In this conference behind the locked door there was a slight disagreement arising in a very natural reluctance on the part of one of the plotters to play the cat’s-paw for the other.
“Coming right down to brass tacks, Jim Harding, I don’t see why I want to monkey with your end of the game, anyhow,” said the cat’s-paw. “All I need is to get even with him for knocking me out, and I can do that the first time I get the drop on him, ’thout mixin’ up any in your deal.”
“Yes, and you can get yourself choked with a rope for doing it,” added Harding. “Now, on the other hand, if my scheme works—and it will work if you will do your part—the sheriff will do the evening-up business for you, and you can sit back and read all about it in the newspapers the next morning.”

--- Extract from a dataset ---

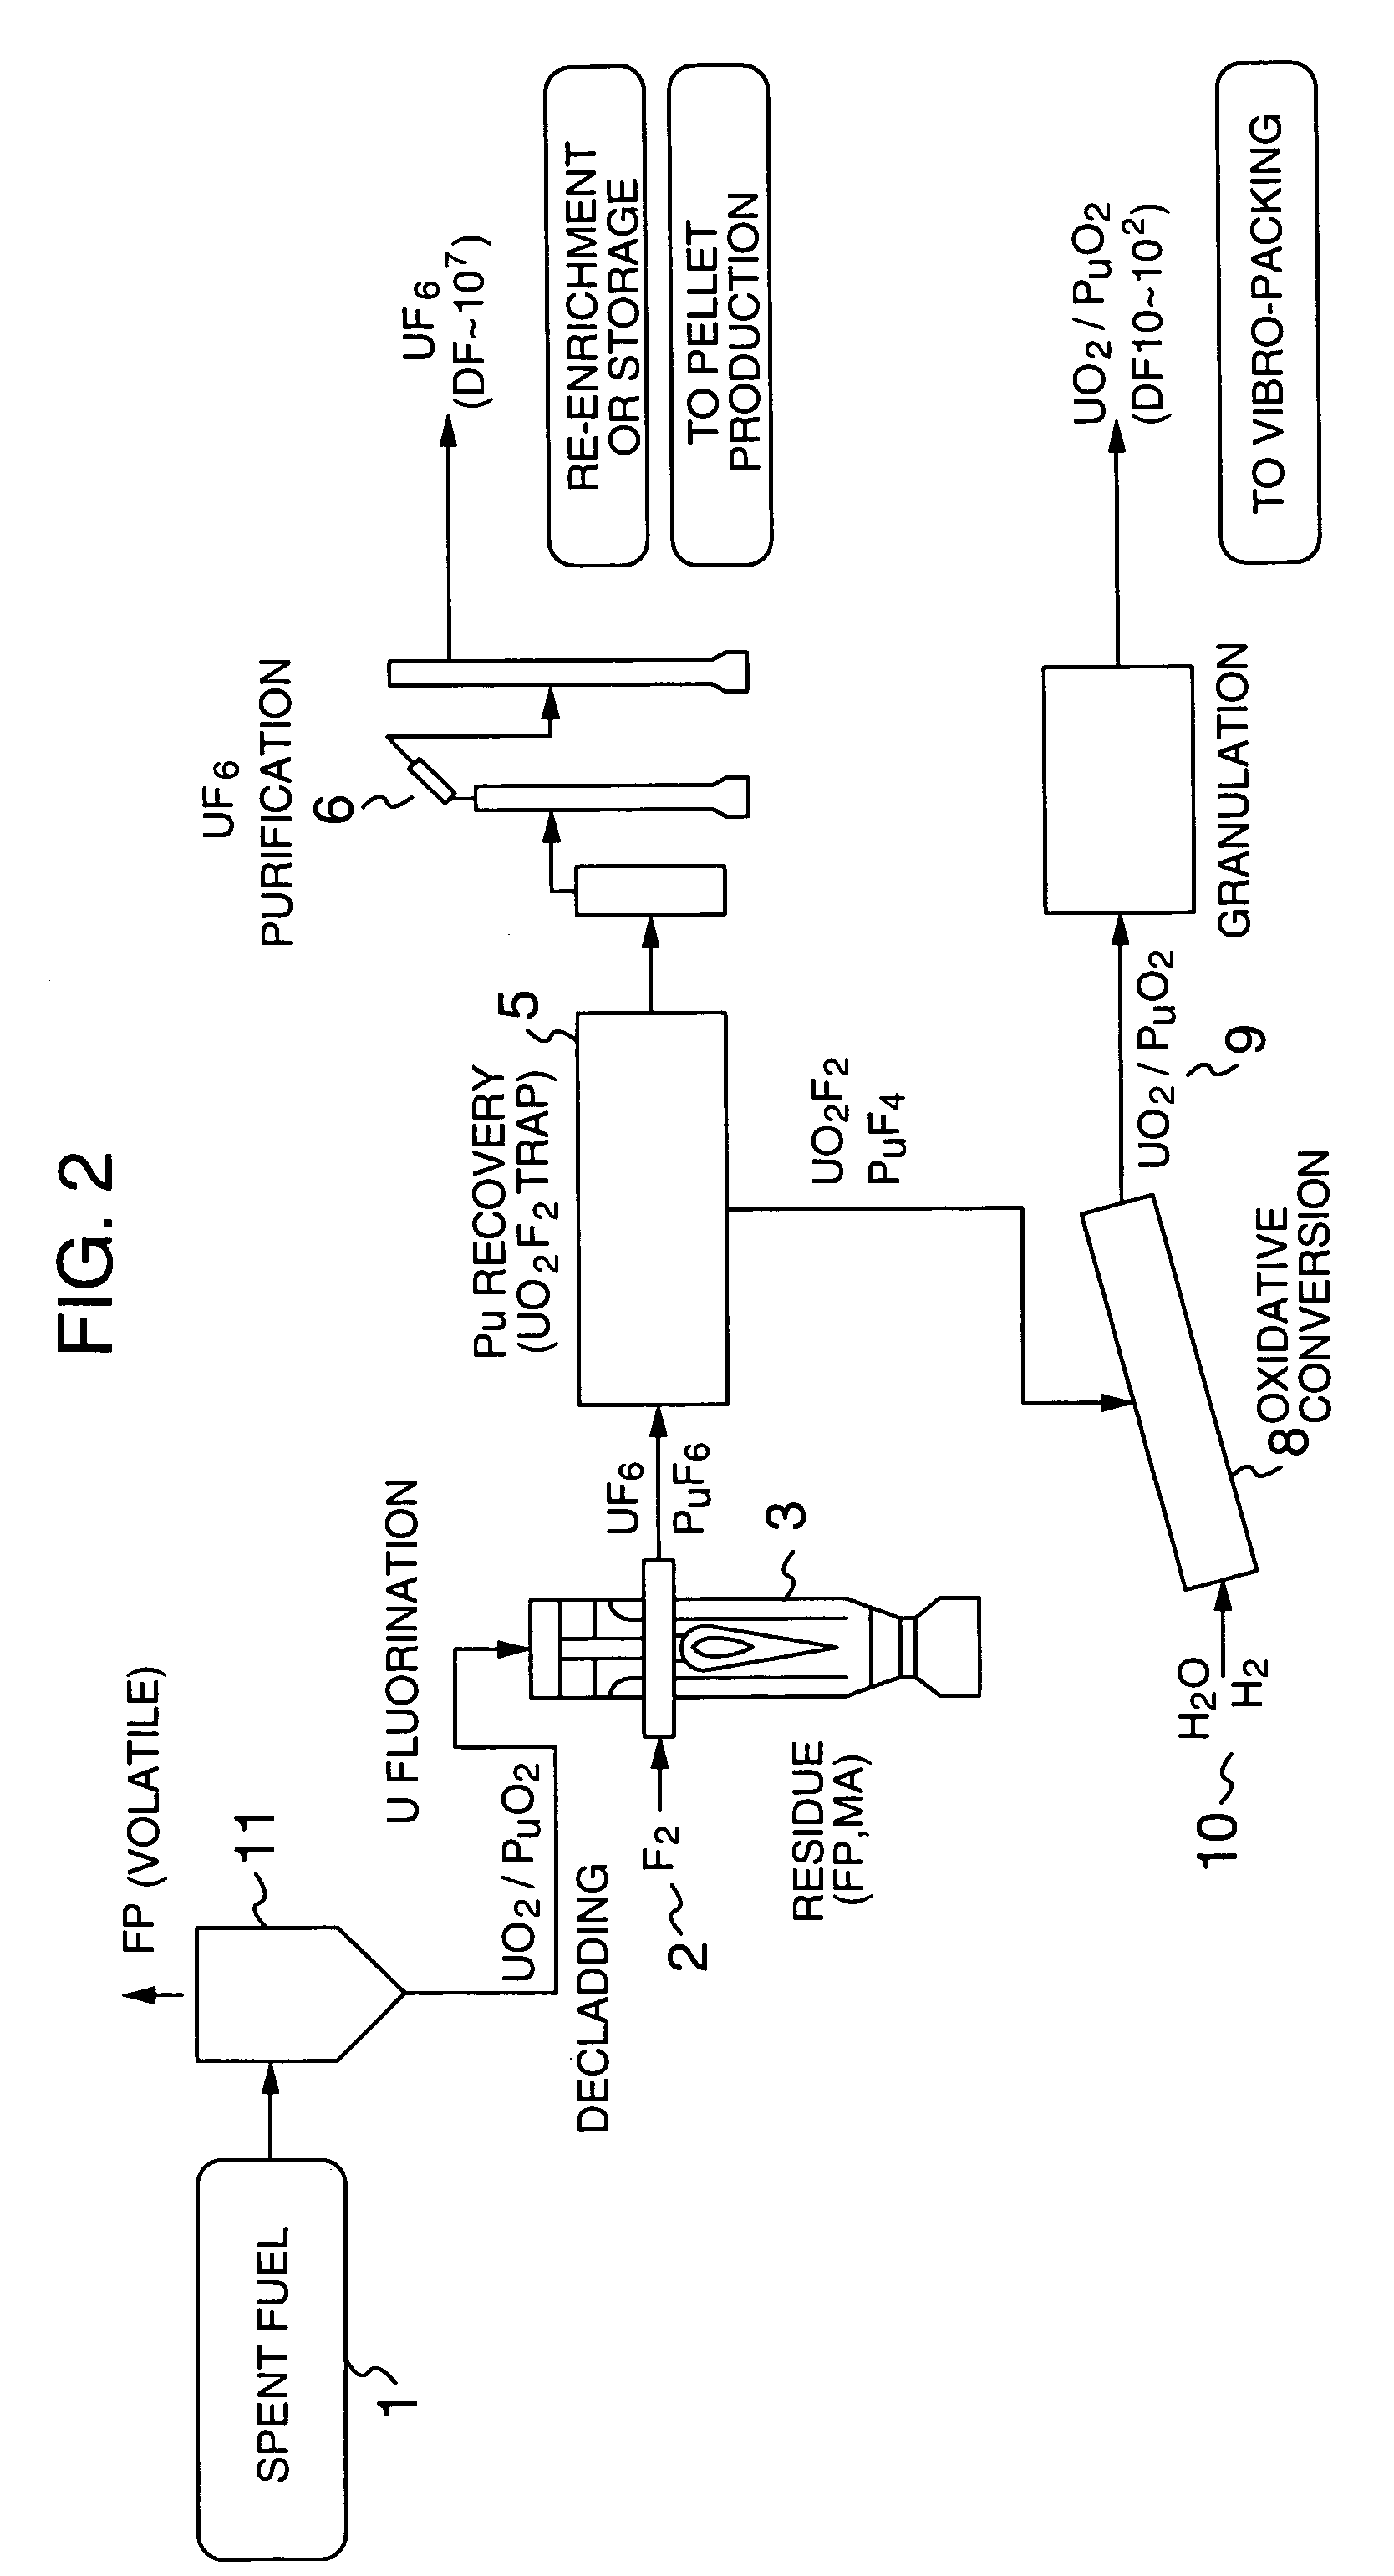 Method for reprocessing spent nuclear fuel

“Yes, ‘if’; but that there ‘if’ is bigger than Pike’s Peak. You seem to think if you can get hold o’ them dockyments he’s got, you can change a few words in ’em and make out that Plucky George is the man they want—chuck him plumb into your shoes. Maybe you can; but there’s a heap o’ holes in a skimmer. Seems like you’ve lived long enough to know that.”

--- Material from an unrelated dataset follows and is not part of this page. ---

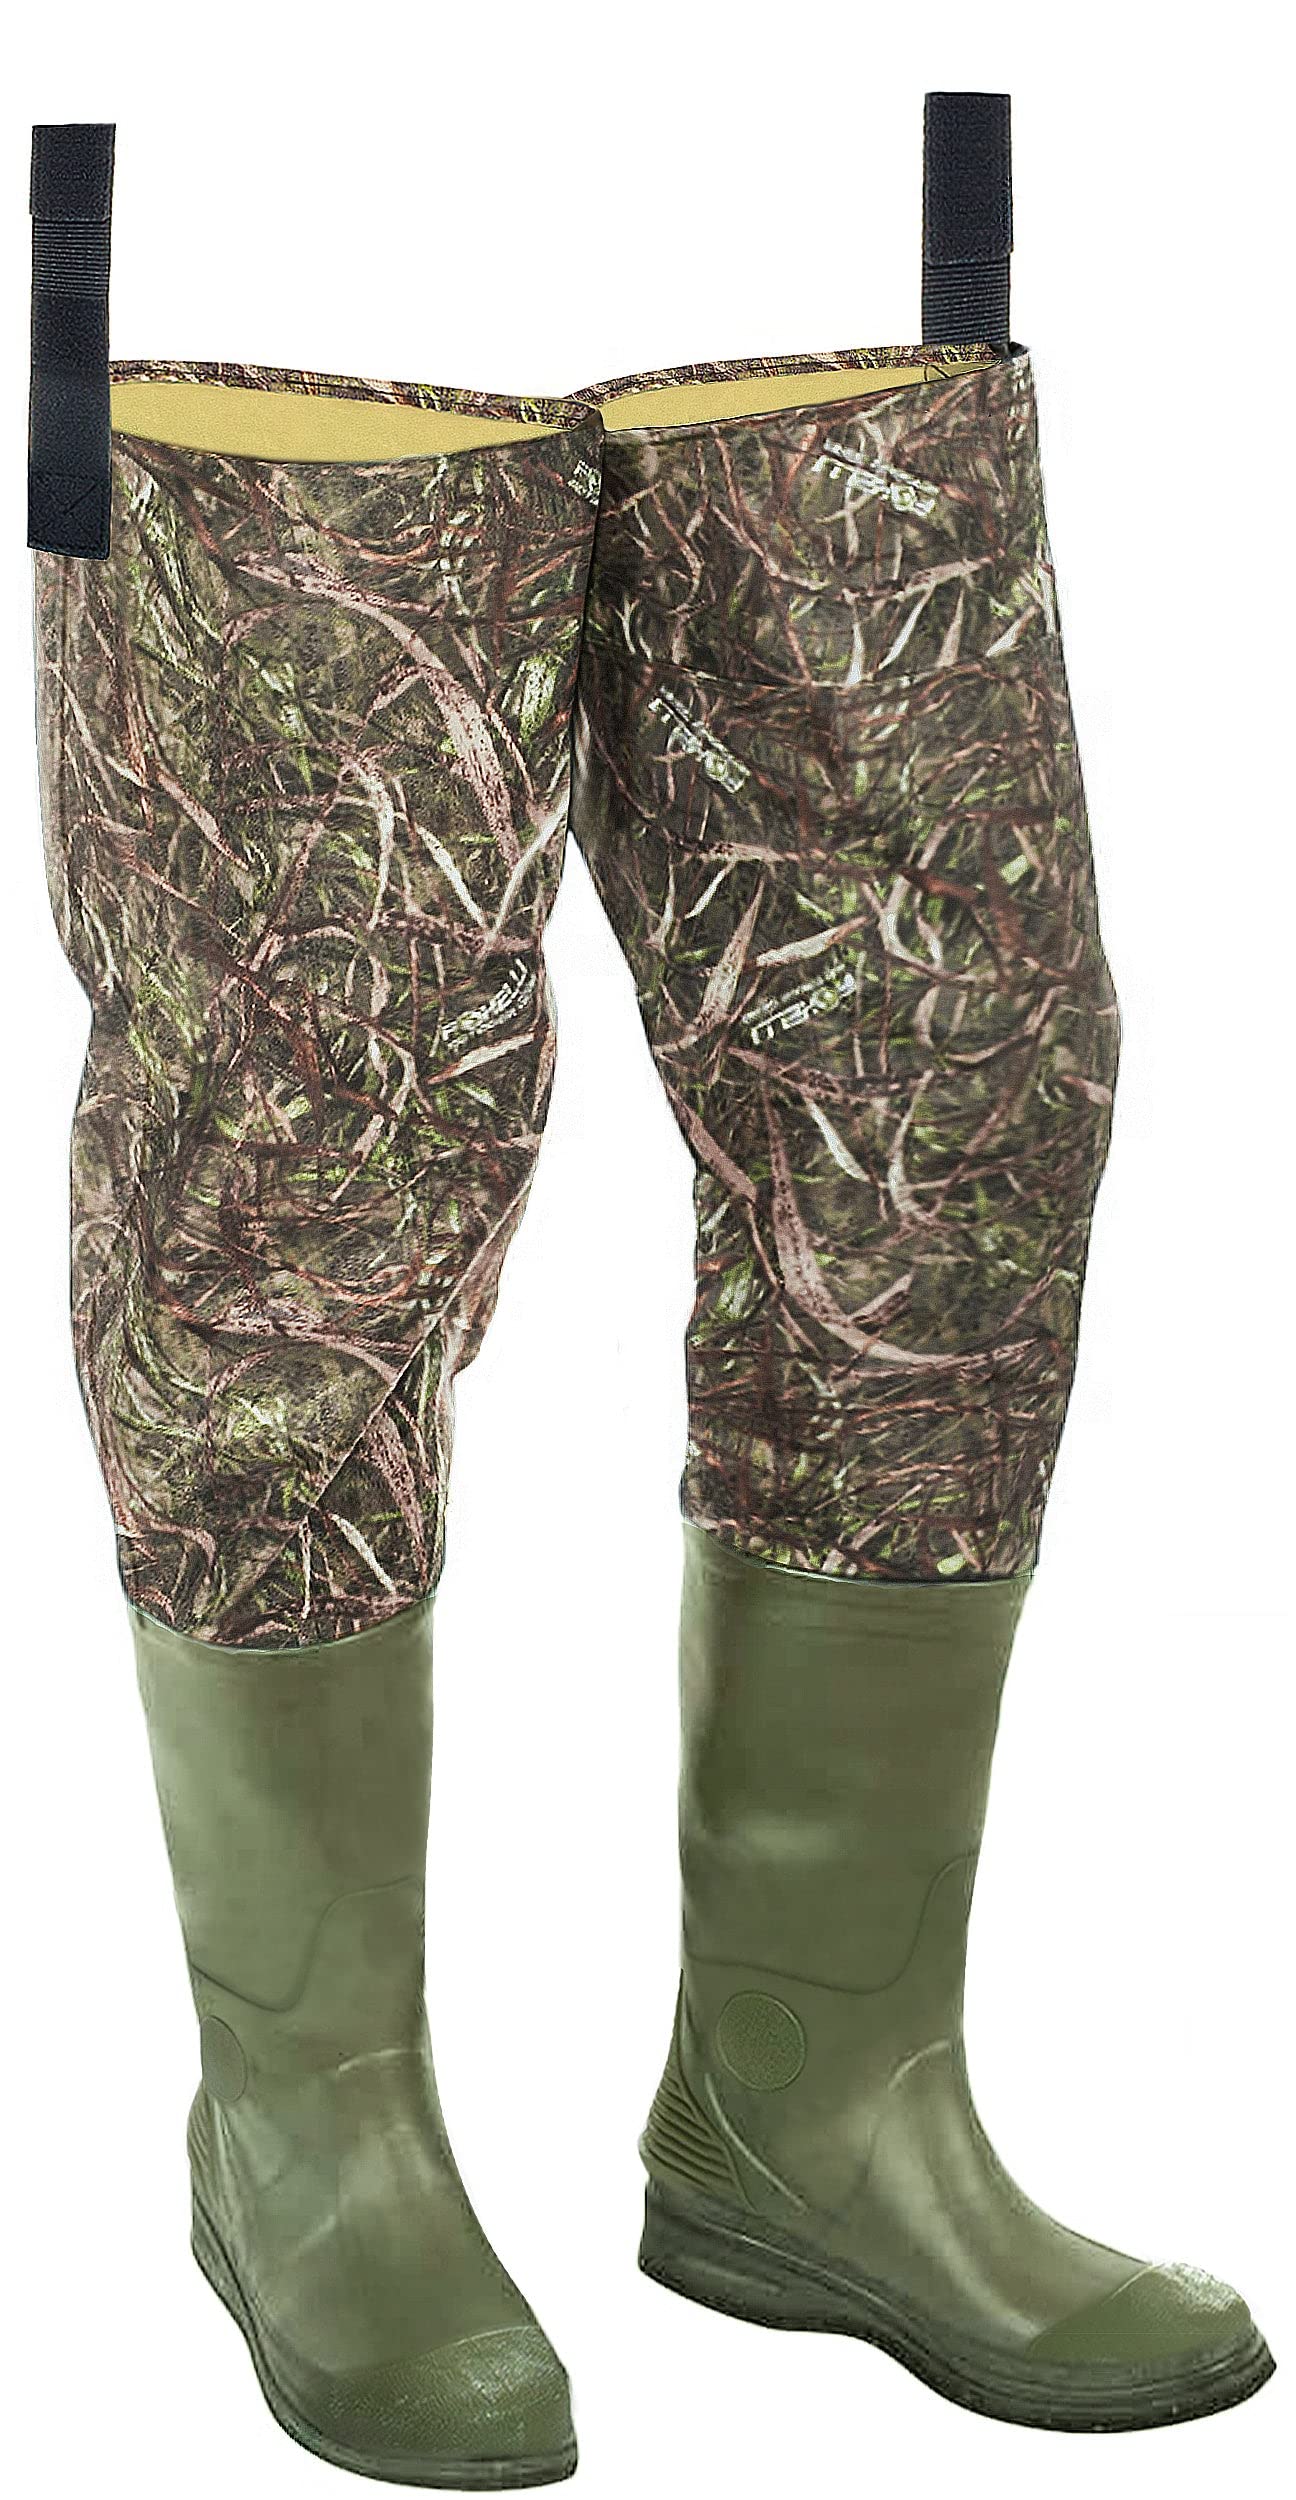 Foxelli Hip Waders Waterproof Camo Hip Waders for Men & Women with Boots  Lightweight Wading Hip

“That is all right; I know what I am doing,” was the confident assertion. “As it stands now, it is between me and Brant. It was an all-around free fight, and he was mixed up in it, too. Once let me get hold of those papers, and he will have his hands full to prove that he didn’t kill Hank Brinton.”
“I don’t savez it that way; but that part of it is your funeral—not mine. What is it you want me to do? Measure it off.”
“You know; I want you to get the papers.”
“Why don’t you do it yourself?”
“It’s out of my line. I don’t happen to have been over the road for house-breaking—as you have—and I am not up in that branch of the business.”
Gasset scowled and gritted out an oath at this, but finally asked, “Well—when?”